Although being ‘behind’ in data infrastructure may appear disadvantageous, it can also provide opportunities to shape new systems by explicitly incorporating data needs identified in doctoral projects – an opportunity often missed in more established research environments. Even seemingly simple elements, such as systematically recording why a primary care physician chose one treatment over another, can prove critical. Such information directly enhances the ability to address confounding bias and illustrates why propensity score-based analyses, when applied in the context of medical decision-making, can provide more reliable control for confounding than in settings where the determinants of exposure are less well understood.
While this article has concentrated on traditional exposure-outcome effect estimation, observational data are increasingly utilised for classification and prediction purposes.
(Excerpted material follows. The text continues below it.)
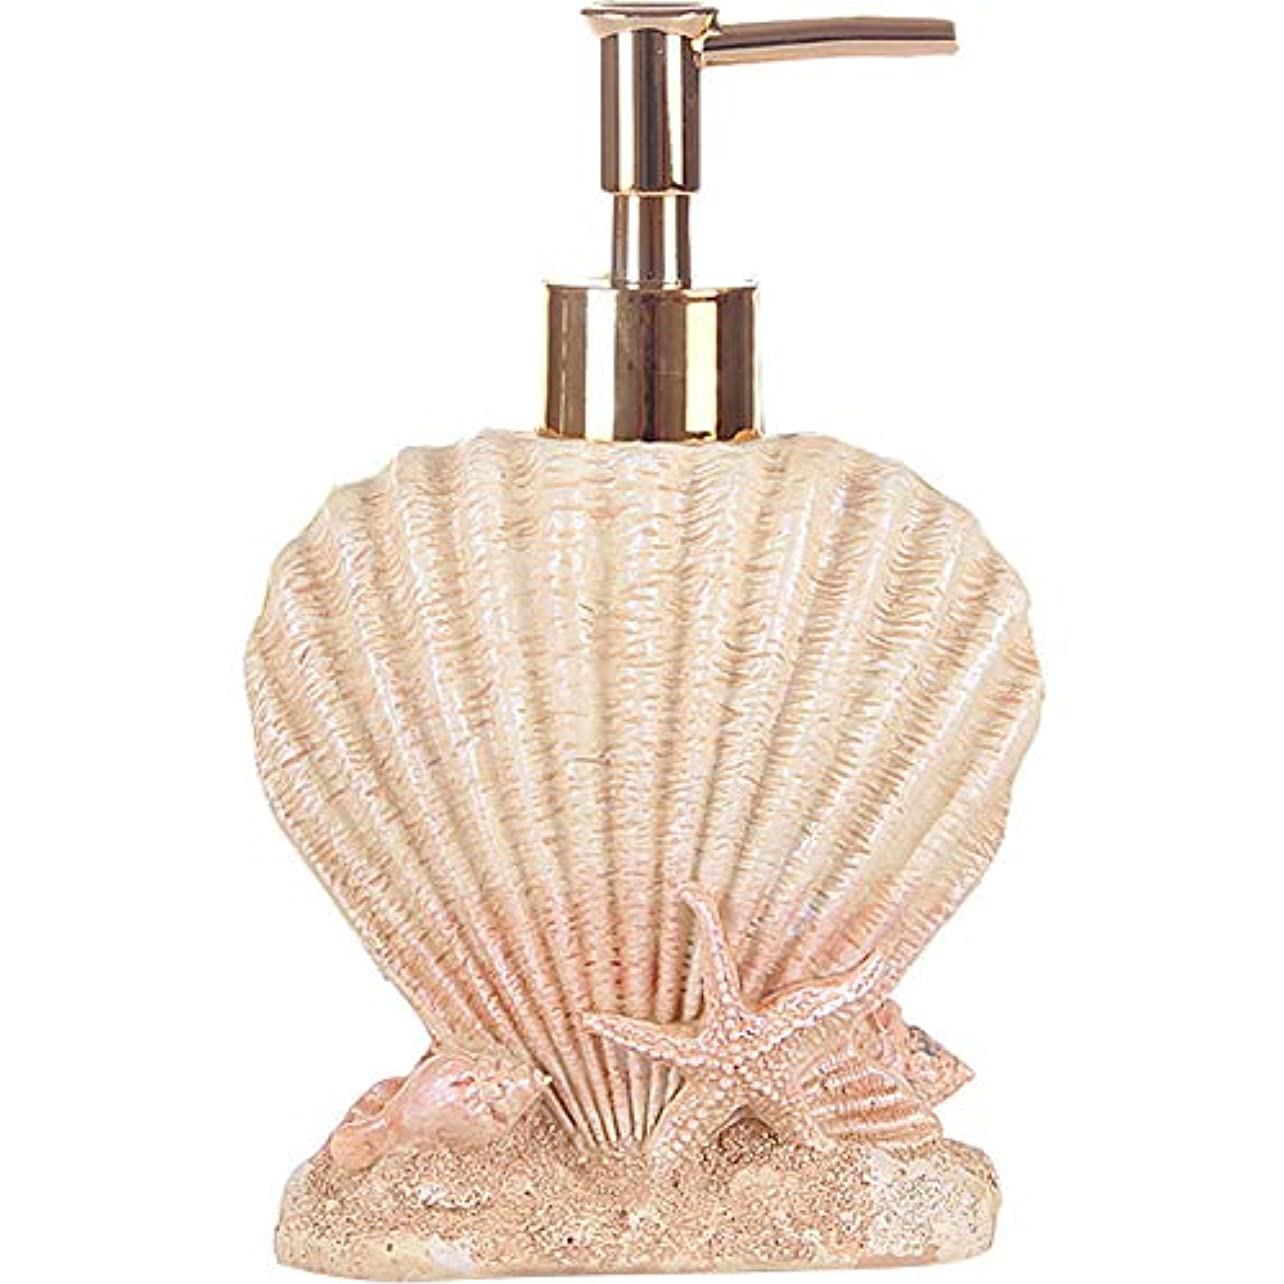 つかの間鳴らす値下げ(Shell) - Creative Beach Shells European Style Hand Soap Liquid Bottles Resin Shampoo Dispenser (shell)

Modern machine learning methods offer powerful tools for predicting health outcomes and stratifying risk at the individual level, often based on complex combinations of clinical, behavioural and contextual factors rather than a single exposure. Such personalised or stratified approaches may, in practice, be more intuitive and directly applicable than population-level averages. However, it is crucial to recognise that many prediction models, including those derived from machine learning, are inherently associational. They often encounter difficulties in transportability across different settings, which limits their usefulness for establishing underlying cause–effect relationships and for delivering actionable evidence to guide practice guidelines and policy decisions.
Well-designed observational studies answer research questions that experimental designs may not be able to answer ethically or practically. Formulating a focused research question guided by appropriate frameworks and selecting a suitable study design are essential first steps in conducting rigorous observational studies. Mitigation of potential bias and confounding begins from design through to sampling and statistical analysis.
Increasingly, the concept of target trial emulation serves as a link to the randomised trial paradigm by framing observational studies as if they were RCTs, thereby improving causal interpretation while keeping real-world relevance. In this way, observational studies are not just alternatives when trials are unfeasible; they can be the preferred design choice, and in some cases, even better than RCTs, providing greater generalisability, the ability to explore ethically sensitive questions and insights that are directly relevant to healthcare delivery and policy.